Britain is experiencing its worst drop in living standards in three decades.
This year food and energy prices are expected to push inflation into double figures. In Australia, inflation is 3.5 per cent. From April 1, the UK energy regulator is raising the energy price cap by 54 per cent which will deliver a hit of more than $1200 a year to the average British household. That could rise again in October.
Brits will also pay a new social and health tax of 1.25 per cent from April. Bread prices are rising. Thirty per cent of worldwide wheat exports come from Russia and Ukraine and in the last two weeks of February wheat futures rose 28 per cent in London.
All of this plays into inflation which Bloomberg Economics in London says could reach 10 per cent in October. As a result the Bank of England is raising interest rates much faster than Australia. A third rise to 0.75 per cent is expected on Thursday and two further rises later in the year.

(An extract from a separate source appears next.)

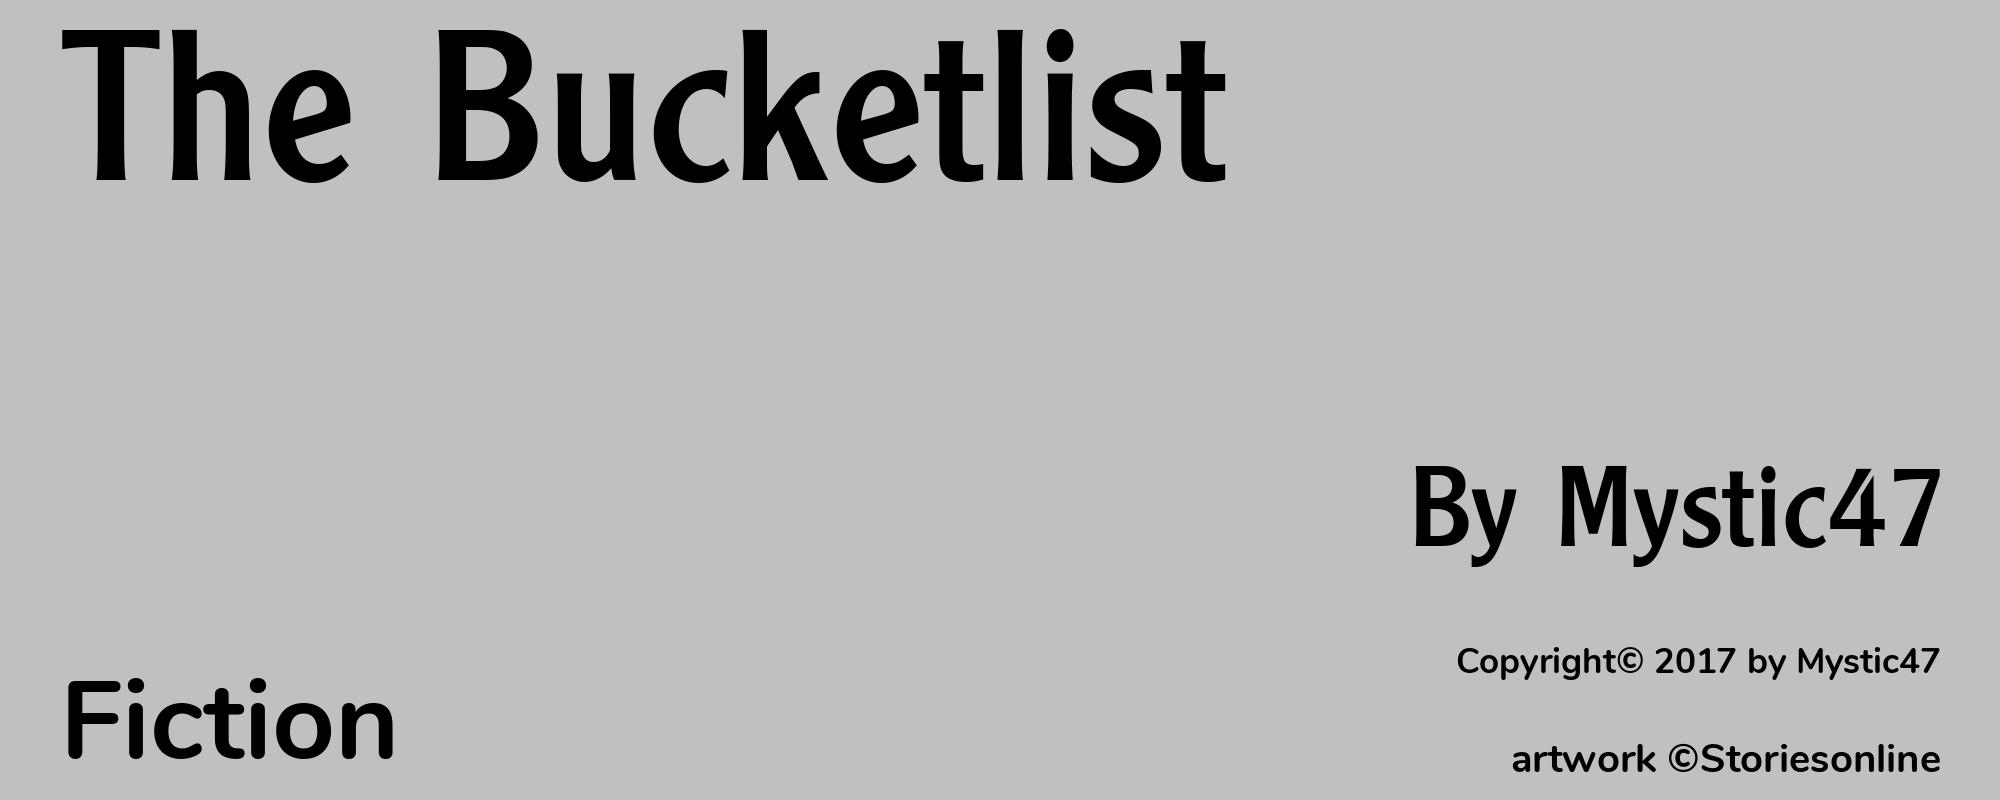 The Bucketlist - Cover

By comparison the Australian budget task looks 101. The difference is that in Australia this is an election budget.
There will be big spending items. The government’s increasing rhetoric around security resilience demands an increase in the defence budget to around 2.1 per cent of GDP. Defence, the NDIS, aged care and childcare are all structural changes weighing heavily on the budget.
Other big ticket items in the 2022 budget will include skills and infrastructure.
Last week Scott Morrison spoke from quarantine about national economic resilience but there was no mention of Australia’s $1 trillion debt or budget repair.
Last month Mr Frydenberg said it was time to draw some clear lines in the sand on government spending and move things back to a normalised setting when it came to broader assistance packages.
Unemployment is 4.2 per cent. If wages growth does not show clear signs of an uplift soon, the argument for a rate rise to confront inflation gets stronger. It would mean rising interest costs, government debt and the argument for budget repair gets stronger. Wages will need a different solution – a new look at the enterprise bargaining system.
It should be no surprise that this election will be about the cost of living for Australians. That, and health, are what really matters to them.